Total funding raised: $4.3M

Overview

GlyProVac is a Danish private biotech leveraging its proprietary BEMAP platform to discover and develop bacterial vaccines targeting O-linked glycoproteins, a largely untapped reservoir of antigenic targets. Its lead program, GPV02, is a preclinical vaccine candidate with pan-E. coli potential for UTIs, neonatal sepsis, and diarrheal diseases. The company is funded by a mix of private placements, non-dilutive grants including from CARB-X and Horizon Europe, and is advancing its technology through strategic collaborations with academic and industry partners.

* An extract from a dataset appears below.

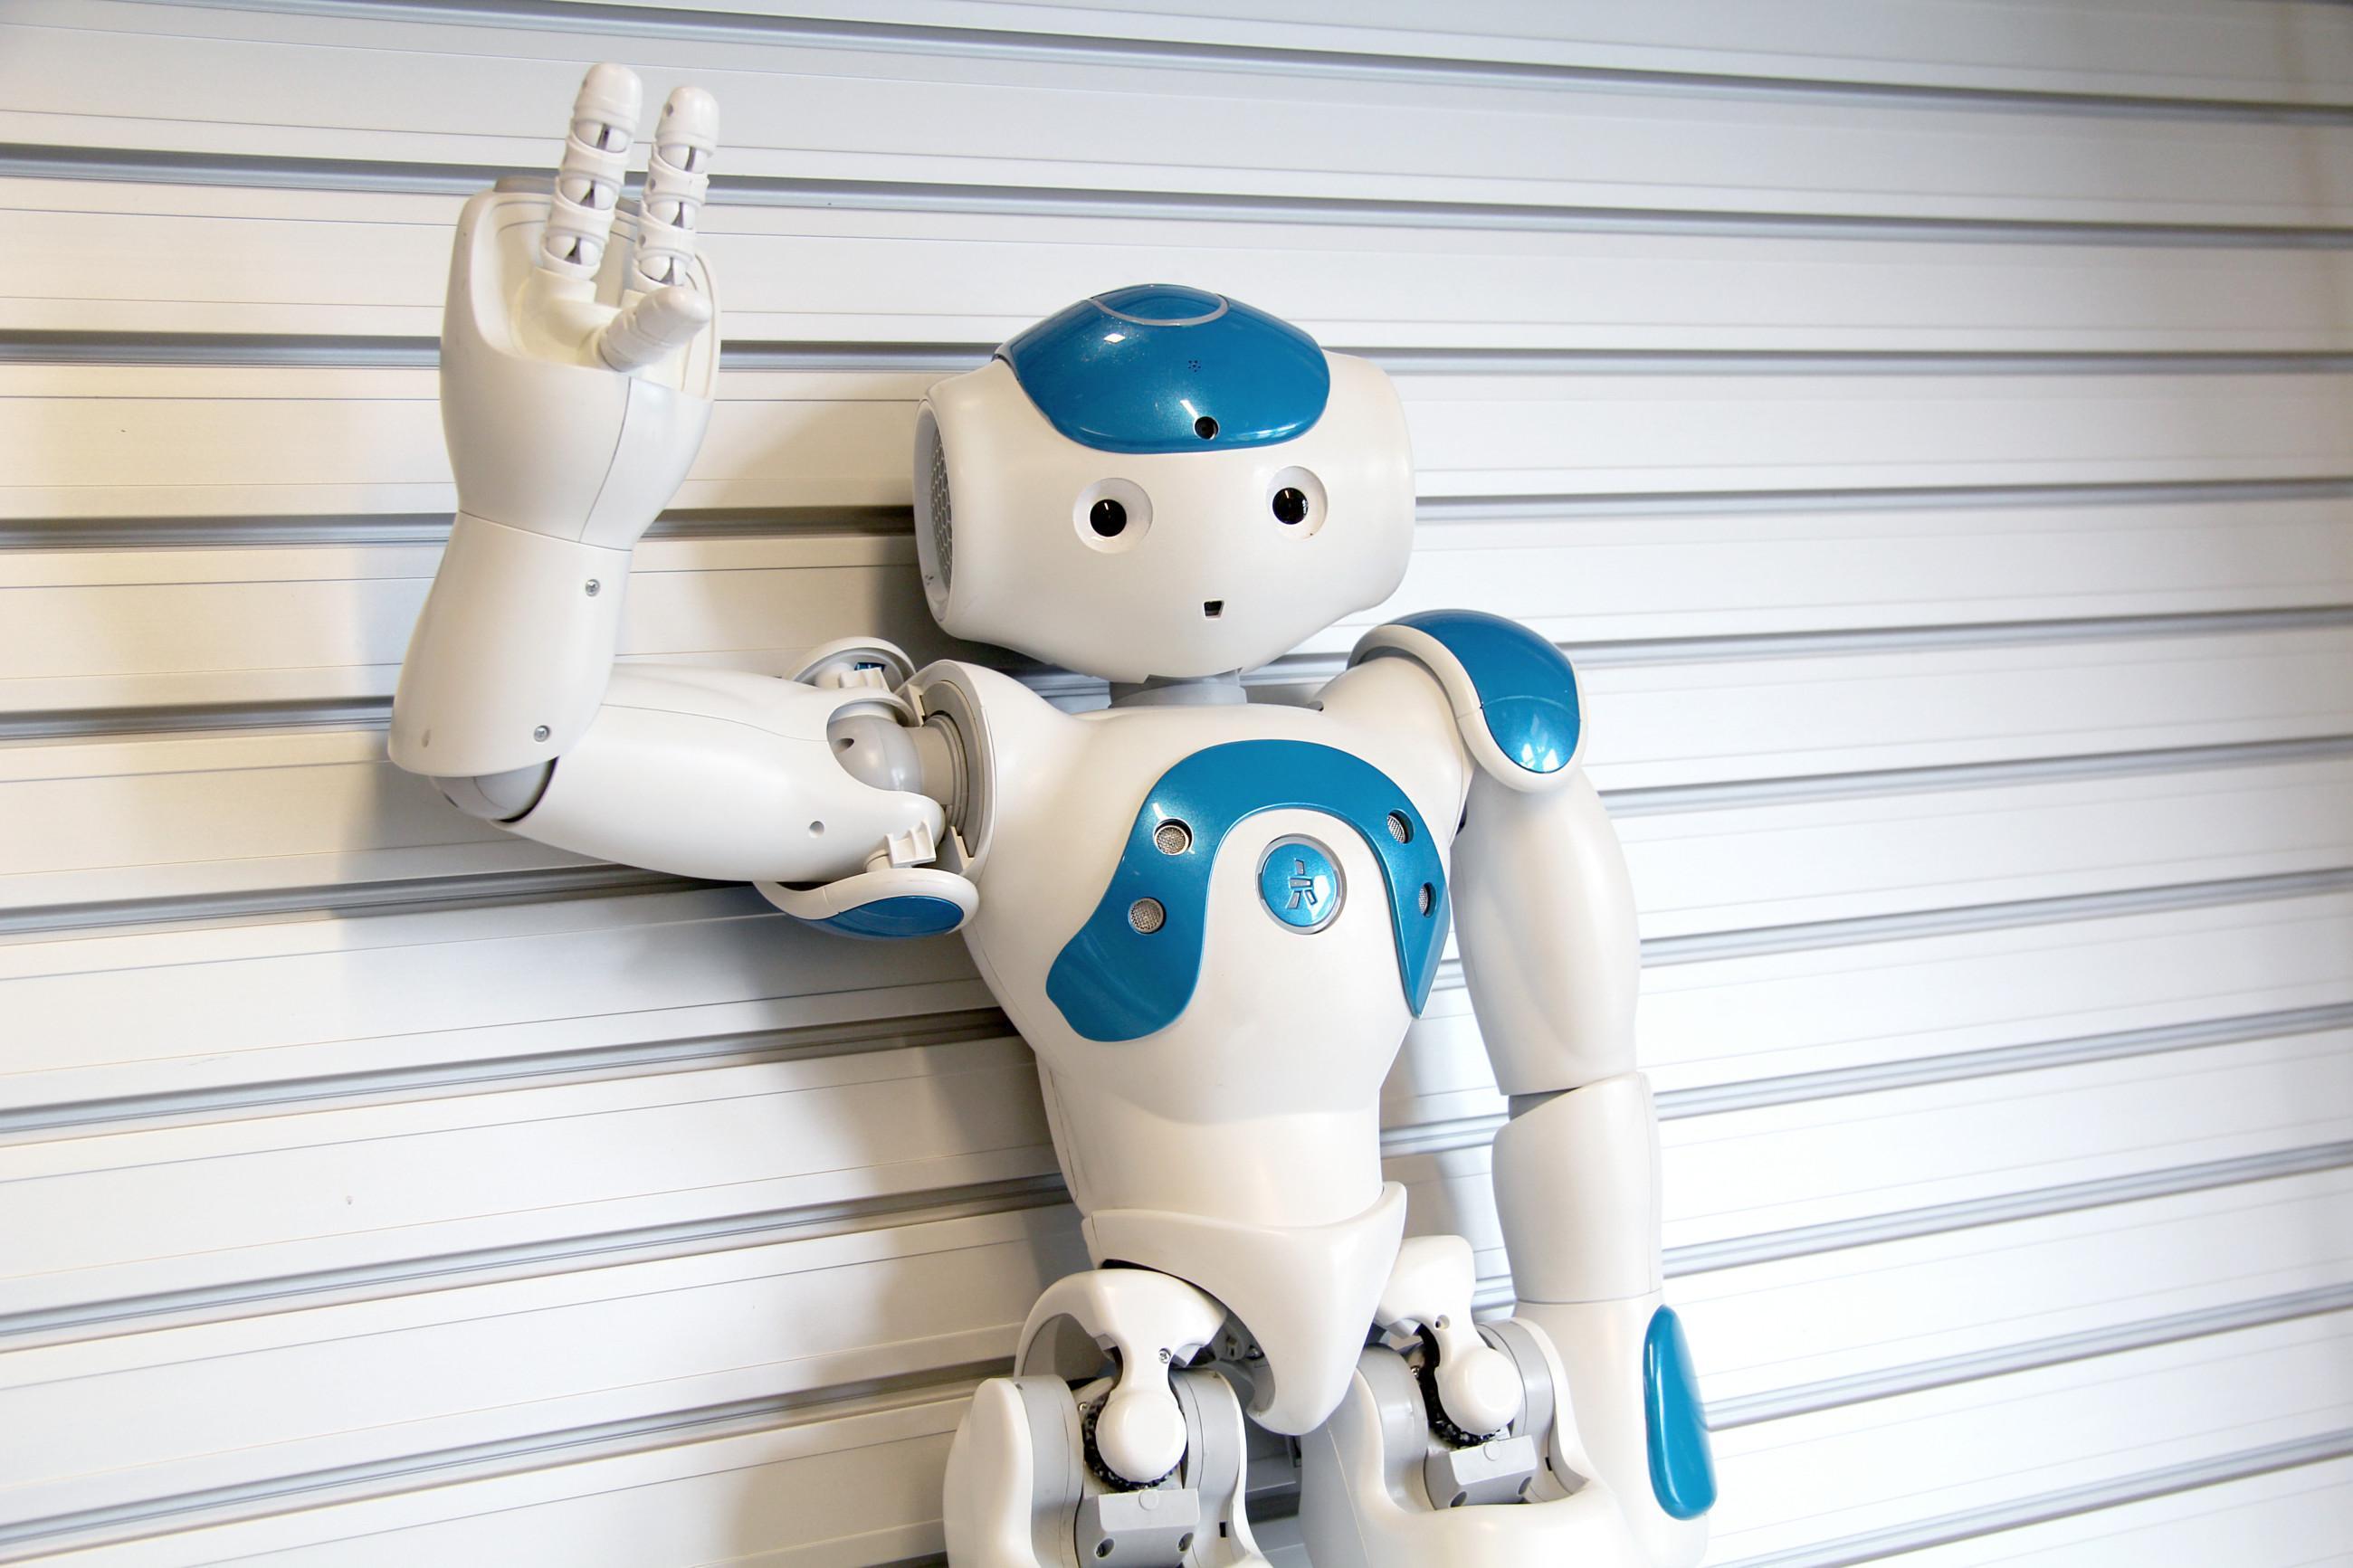 Sinivalkoinen Nao-robotti käsi tervehdysasennossa.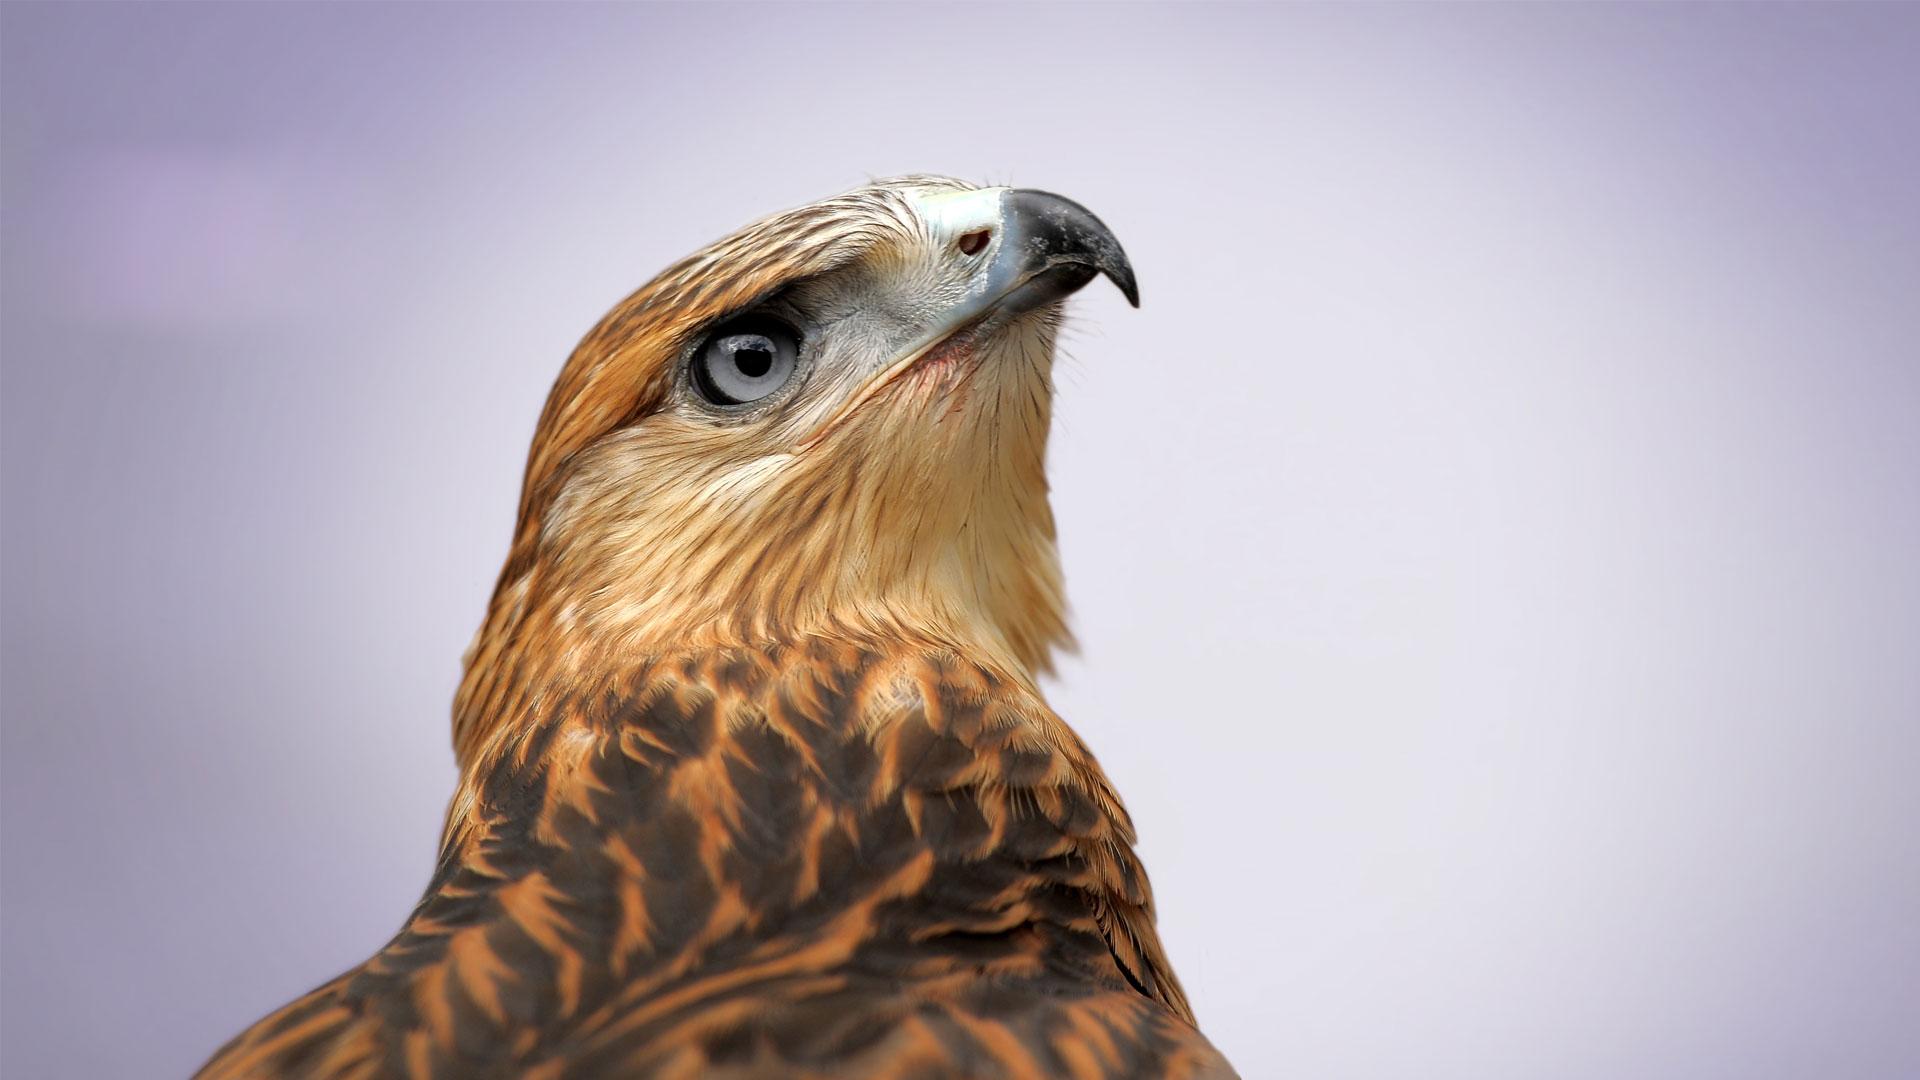 matterhorn branding birds of prey

Infectious DiseaseAntimicrobial Resistance

Technology Platform

BEMAP (Beta-Elimination followed by Michael Addition with a Phosphonic acid tag) – a mass spectrometry-based platform for discovering O-linked glycosylated bacterial proteins to use as novel vaccine antigens.

Funding History

2
Total raised:$4.3M
Grant$1.8M
Seed$2.5M

Opportunities

The global AMR crisis creates a urgent, large-scale demand for novel preventative solutions like vaccines.
GlyProVac's platform targets high-prevalence, high-burden infections (UTIs, neonatal sepsis) with no effective vaccines, representing greenfield markets.
The technology's applicability to multiple WHO priority pathogens (E.
coli, Pseudomonas, Shigella) offers a broad pipeline potential from a single platform.

Risk Factors

The company is at a high-risk preclinical stage with an unproven vaccine concept centered on bacterial O-glycosylation.
Manufacturing consistently glycosylated protein antigens at scale presents a significant technical hurdle.
Future success depends on overcoming scientific risks, out-competing other vaccine modalities, and securing major partnership or funding for costly clinical trials.

Competitive Landscape

GlyProVac competes in the bacterial vaccine space against large pharma, other biotechs developing novel platforms (mRNA, conjugate vaccines), and companies with specific UTI candidates (e.g., Janssen's VAC524 trial). Its key differentiation is the focus on native O-linked glycoproteins as antigens, a niche largely unexplored by competitors who typically use non-glycosylated or differently glycosylated (e.g., polysaccharide-conjugate) antigens.